*WORK REQUEST*
Would you return the data exactly as given, except for its pictures?

*INFORMATION SUPPLIED*
____

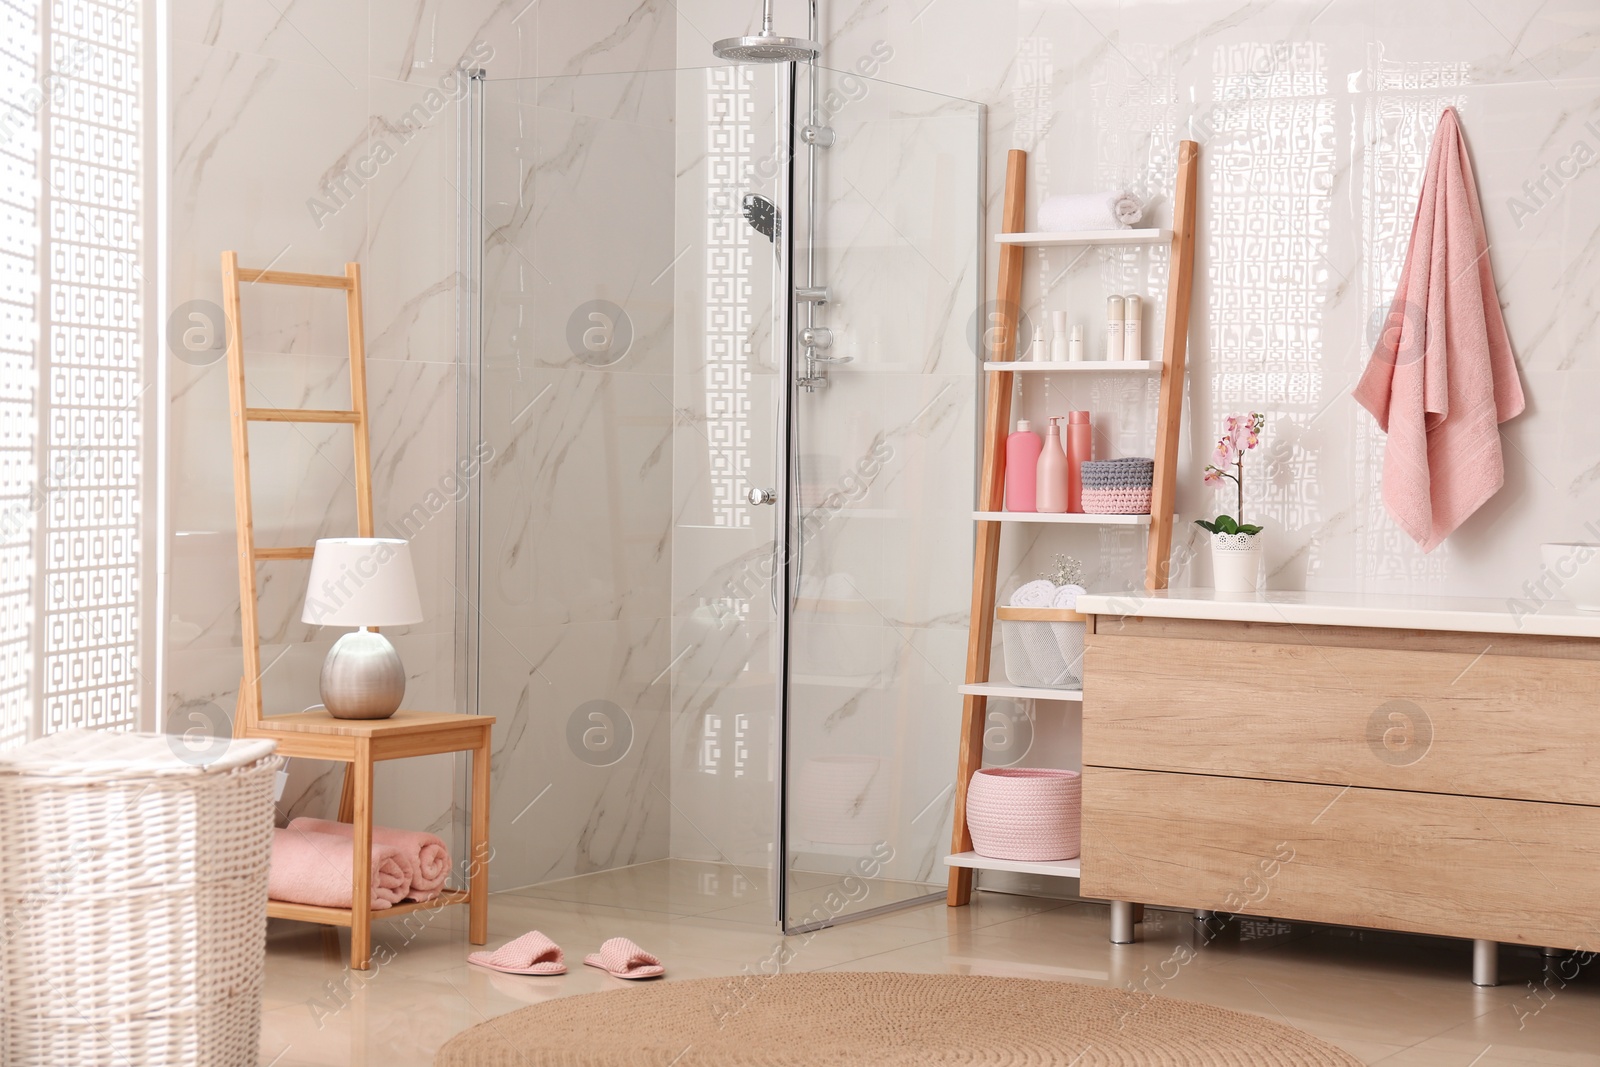 Photo of Modern bathroom interior with decorative ladder and shower stall
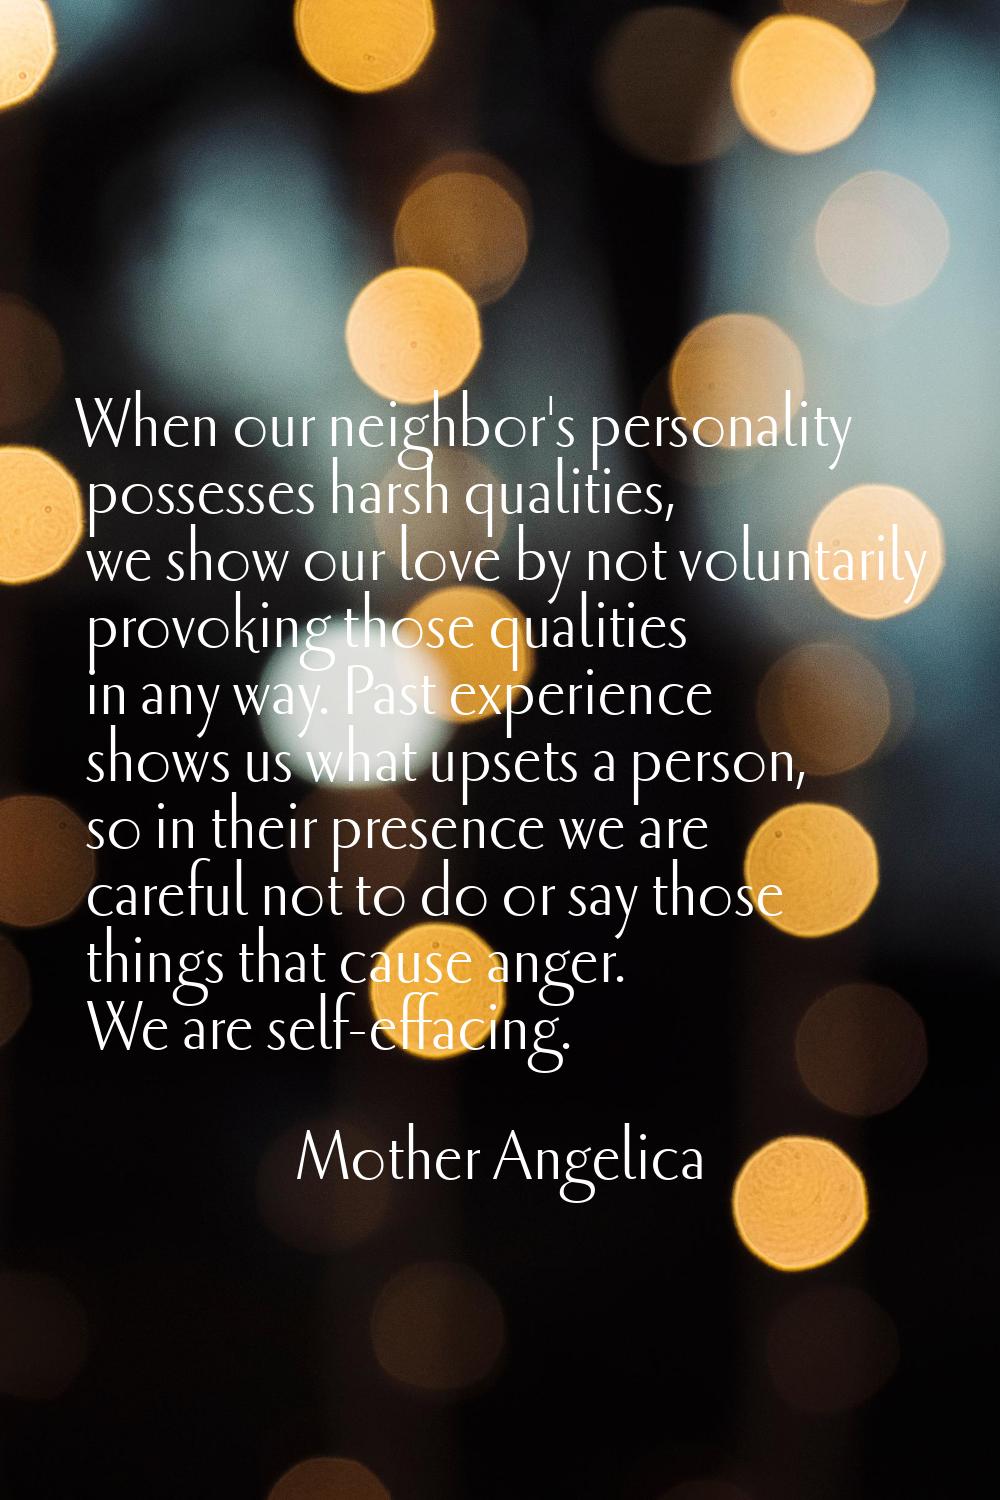 When our neighbor's personality possesses harsh qualities, we show our love by not voluntarily prov
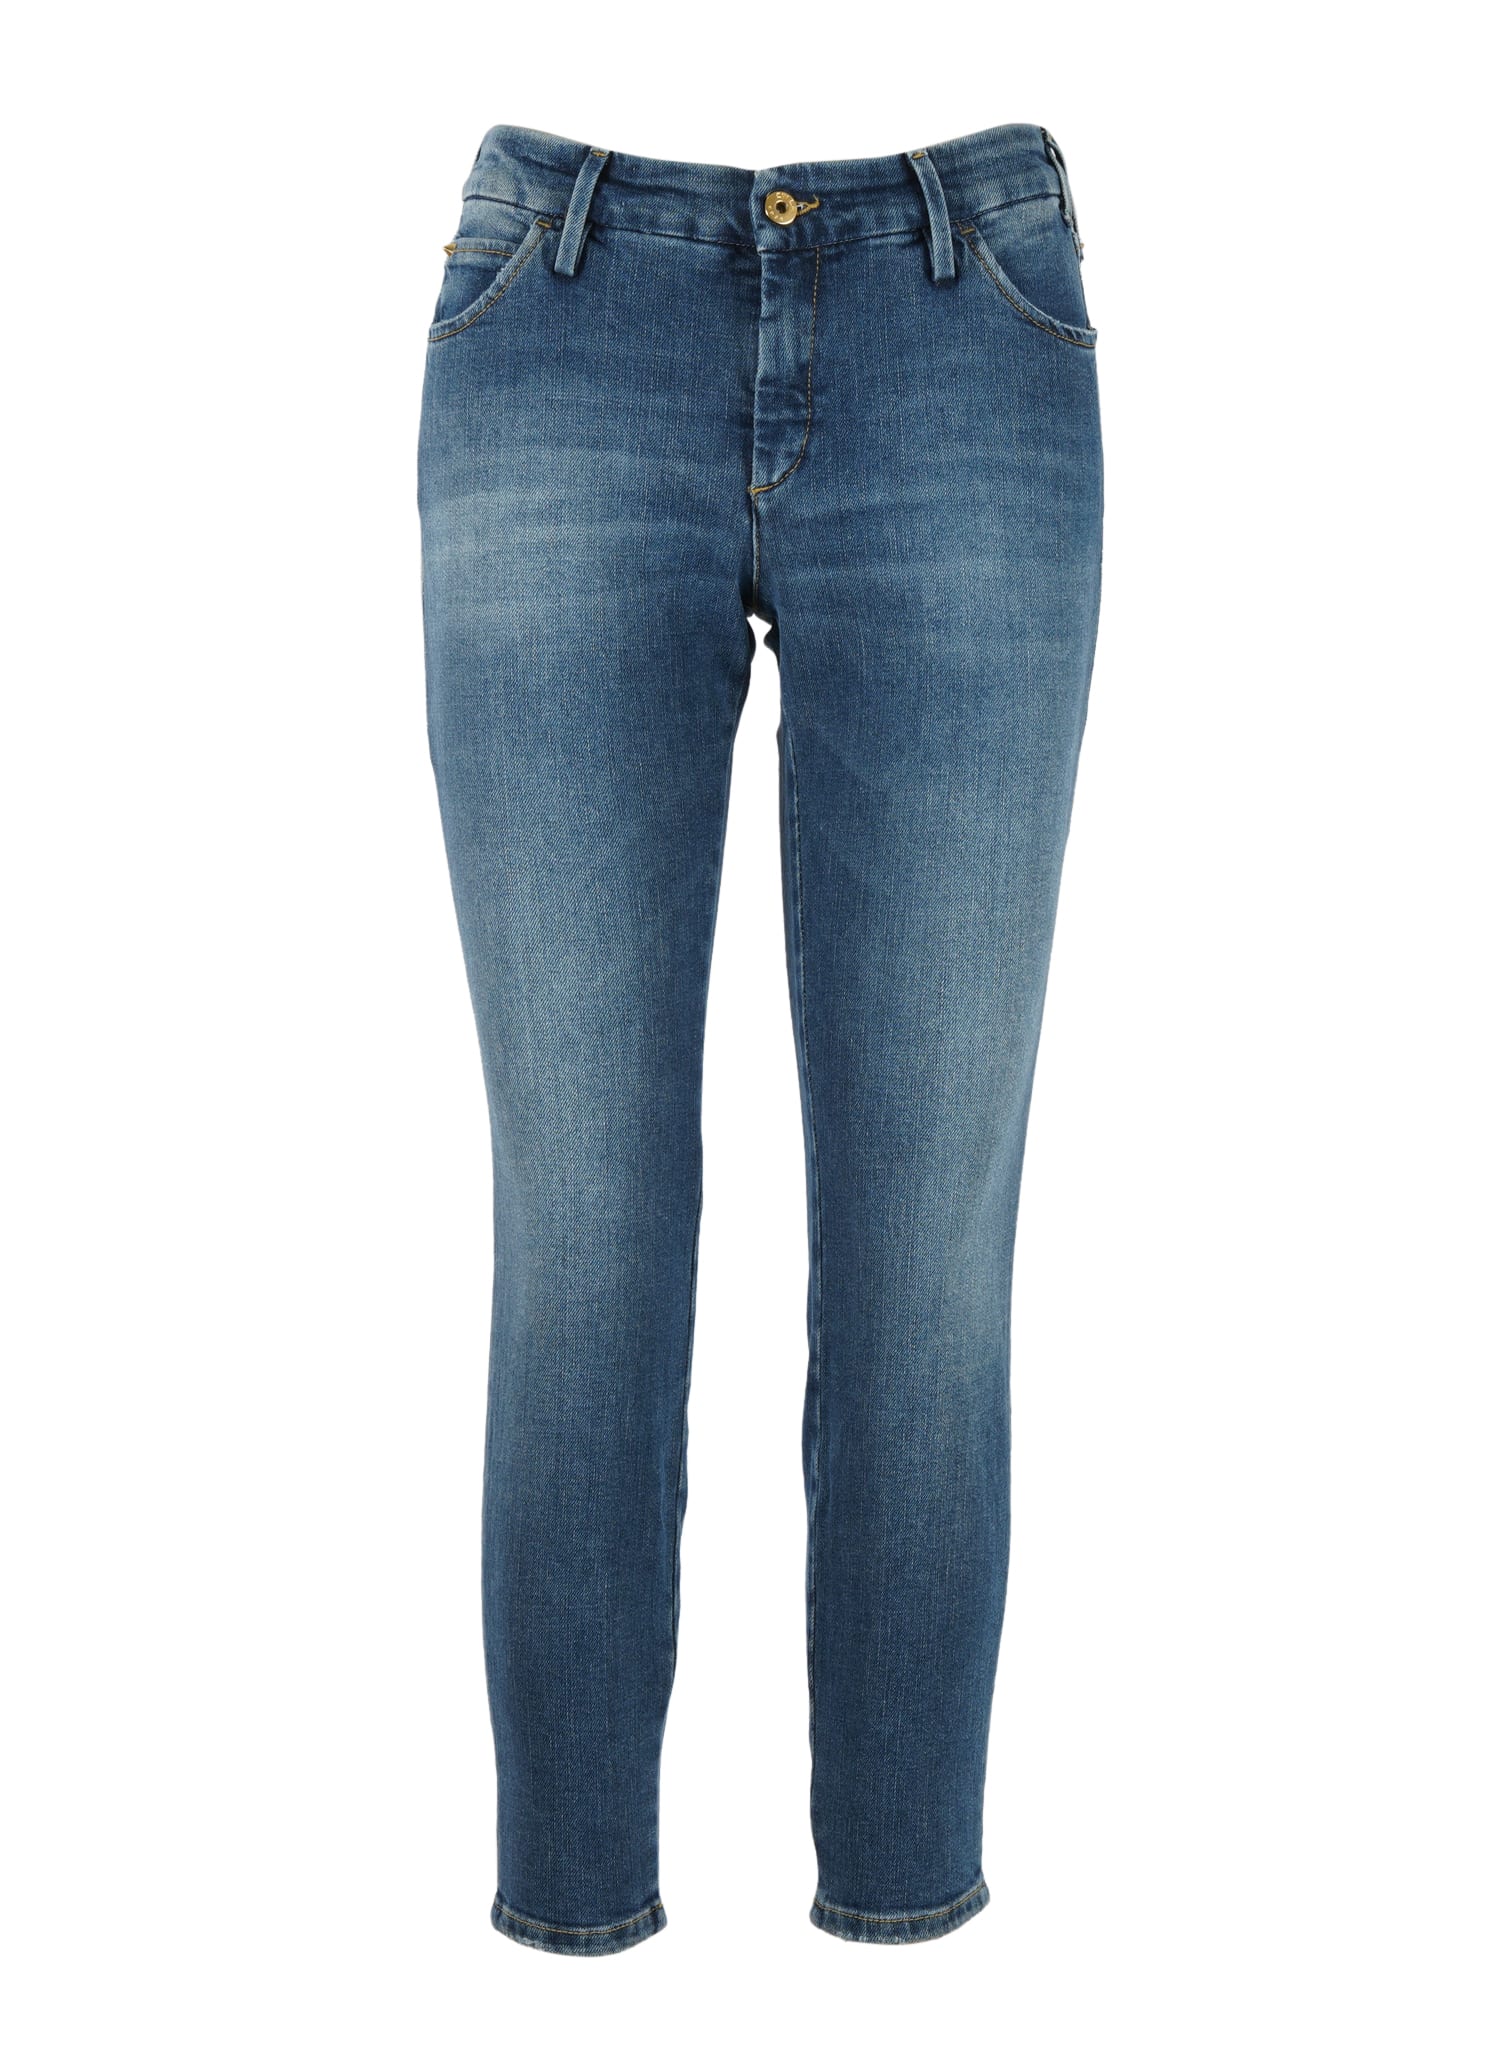 Cycle Brigitte Tailor Ankle Jeans

____

*SOLUTION TO THE EXERCISE*
 Photo of Modern bathroom interior with decorative ladder and shower stall
 When our neighbor's personality possesses harsh qualities, we show our love by not voluntarily prov
 Cycle Brigitte Tailor Ankle Jeans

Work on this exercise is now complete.